### Exercise requirements
Look through the data below and extract, unchanged, the lines from the one that contains "Kolkata / India" to the one that contains "3f357263831 Côtes du", both included.

### Stored data

--- --- ---

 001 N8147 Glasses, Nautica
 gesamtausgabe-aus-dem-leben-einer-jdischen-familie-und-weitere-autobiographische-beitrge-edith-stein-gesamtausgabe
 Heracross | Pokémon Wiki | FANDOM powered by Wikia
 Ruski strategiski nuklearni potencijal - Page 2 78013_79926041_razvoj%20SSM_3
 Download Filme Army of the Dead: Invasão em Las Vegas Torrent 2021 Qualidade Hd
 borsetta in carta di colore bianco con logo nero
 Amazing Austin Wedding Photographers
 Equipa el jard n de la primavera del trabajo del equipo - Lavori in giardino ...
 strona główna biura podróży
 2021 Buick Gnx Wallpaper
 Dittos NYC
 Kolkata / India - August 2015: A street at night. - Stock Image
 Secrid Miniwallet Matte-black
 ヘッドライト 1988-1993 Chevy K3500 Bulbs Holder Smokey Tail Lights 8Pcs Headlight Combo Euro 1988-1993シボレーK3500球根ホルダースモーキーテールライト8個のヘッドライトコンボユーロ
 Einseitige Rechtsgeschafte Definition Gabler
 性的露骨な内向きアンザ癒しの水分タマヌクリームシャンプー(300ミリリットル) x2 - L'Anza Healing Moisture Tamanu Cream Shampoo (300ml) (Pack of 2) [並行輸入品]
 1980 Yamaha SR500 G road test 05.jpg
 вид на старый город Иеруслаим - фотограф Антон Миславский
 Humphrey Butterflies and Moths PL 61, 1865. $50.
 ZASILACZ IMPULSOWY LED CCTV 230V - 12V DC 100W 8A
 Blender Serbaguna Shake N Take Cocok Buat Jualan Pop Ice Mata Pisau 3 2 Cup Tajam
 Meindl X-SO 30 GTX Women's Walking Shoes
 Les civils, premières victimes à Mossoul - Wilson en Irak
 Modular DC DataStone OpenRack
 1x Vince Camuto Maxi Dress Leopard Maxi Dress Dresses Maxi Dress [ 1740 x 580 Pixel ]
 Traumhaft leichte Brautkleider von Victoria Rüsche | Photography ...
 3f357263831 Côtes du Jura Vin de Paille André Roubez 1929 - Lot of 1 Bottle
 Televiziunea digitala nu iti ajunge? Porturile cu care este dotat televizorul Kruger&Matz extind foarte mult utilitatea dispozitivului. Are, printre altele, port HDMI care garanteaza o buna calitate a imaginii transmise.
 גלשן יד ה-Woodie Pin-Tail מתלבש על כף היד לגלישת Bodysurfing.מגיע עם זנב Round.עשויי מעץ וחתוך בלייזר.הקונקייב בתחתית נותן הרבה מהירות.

--- --- ---

### Response box
 Kolkata / India - August 2015: A street at night. - Stock Image
 Secrid Miniwallet Matte-black
 ヘッドライト 1988-1993 Chevy K3500 Bulbs Holder Smokey Tail Lights 8Pcs Headlight Combo Euro 1988-1993シボレーK3500球根ホルダースモーキーテールライト8個のヘッドライトコンボユーロ
 Einseitige Rechtsgeschafte Definition Gabler
 性的露骨な内向きアンザ癒しの水分タマヌクリームシャンプー(300ミリリットル) x2 - L'Anza Healing Moisture Tamanu Cream Shampoo (300ml) (Pack of 2) [並行輸入品]
 1980 Yamaha SR500 G road test 05.jpg
 вид на старый город Иеруслаим - фотограф Антон Миславский
 Humphrey Butterflies and Moths PL 61, 1865. $50.
 ZASILACZ IMPULSOWY LED CCTV 230V - 12V DC 100W 8A
 Blender Serbaguna Shake N Take Cocok Buat Jualan Pop Ice Mata Pisau 3 2 Cup Tajam
 Meindl X-SO 30 GTX Women's Walking Shoes
 Les civils, premières victimes à Mossoul - Wilson en Irak
 Modular DC DataStone OpenRack
 1x Vince Camuto Maxi Dress Leopard Maxi Dress Dresses Maxi Dress [ 1740 x 580 Pixel ]
 Traumhaft leichte Brautkleider von Victoria Rüsche | Photography ...
 3f357263831 Côtes du Jura Vin de Paille André Roubez 1929 - Lot of 1 Bottle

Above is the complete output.